MOST103-2320-B002-022-MY3

Translated Name/計畫中文名

雌激素和二十二碳六烯酸對維持海馬迴神經功能之交互作用

Project Principal Investigator/計畫主持人

HUI-MIN SU

Funding Organization

National Science and Technology Council

Start date/計畫起

01-08-2016

Expected Completion/計畫迄

12-07-2017

摘要：本計畫在探討雌激素是否對維持海馬迴 docosahexaenoic acid (DHA, 22:6n-3)含量及神經認知功能扮演一重要角色。 DHA 是構成神經細胞膜結構最主要成分，用以維持其正常神經功能表現。

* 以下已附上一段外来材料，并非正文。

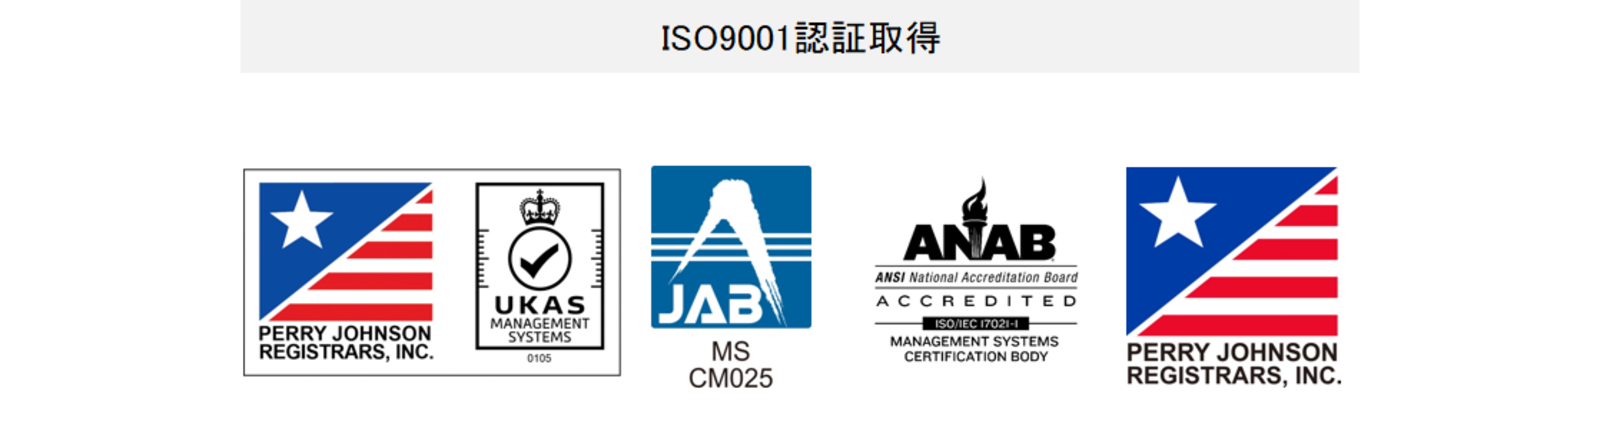 ISO9001認証取得 Perry Johnson Registrars-Quality Assurance UKAS management systems JAB MS CM025 The ANSI National Accreditation Board

然而大鼠海馬迴中 DHA 含量會隨年齡增加而遞減，而人類的阿茲海默氏病人，掌管短期記憶的海馬迴中 DHA 含量亦減少一半，也都伴隨學習記憶能力降低。雌激素和 DHA 均為維持海馬迴記憶學習的重要物質，兩者是否有交互作用，目前不詳。研究發現服用含雌激素避孕藥婦女較未服用者，有較高轉換 18:3n-3 至 DHA 能力，變性手術者，女變男去卵巢後，其血漿 DHA 含量降低，而男變女後補充雌激素，血漿中 DHA 含量隨之升高，停經後婦女補充雌激素，血漿中 DHA 含量較未補充者高，且可有效降低認知退化及減少罹患阿茲海默氏的危險性，顯示雌激素對生物體內 DHA合成及含量扮演一重要角色。利用 6 個月大雌鼠進行兩側卵巢切除手術後，探討是否會影響其 DHA 合成酵素表現，減少 DHA 合成及吸收、及增加 DHA 轉換，而加速其腦區 DHA 流失，影響神經細胞新生、降低記憶學習能力，而魚油或雌激素補充至其 12 個月大時犧牲，應可減緩其發生。初級海馬回神經細胞實驗將更完整探討雌激素添加，促進由[U-13C]-18：3n-3 轉換生成 DHA、增加吸收及減少[U-13C]-DHA 轉換。本計畫可釐清婦女停經後，海馬迴 DHA 含量及學習記憶能力是否會因此而下降，是否可藉由雌激素及魚油補充，減緩其認知退化。並期盼進一步能證實，是否可藉魚油攝取，而非雌激素補充，即能有效減緩認知退化以降低罹患乳癌風險。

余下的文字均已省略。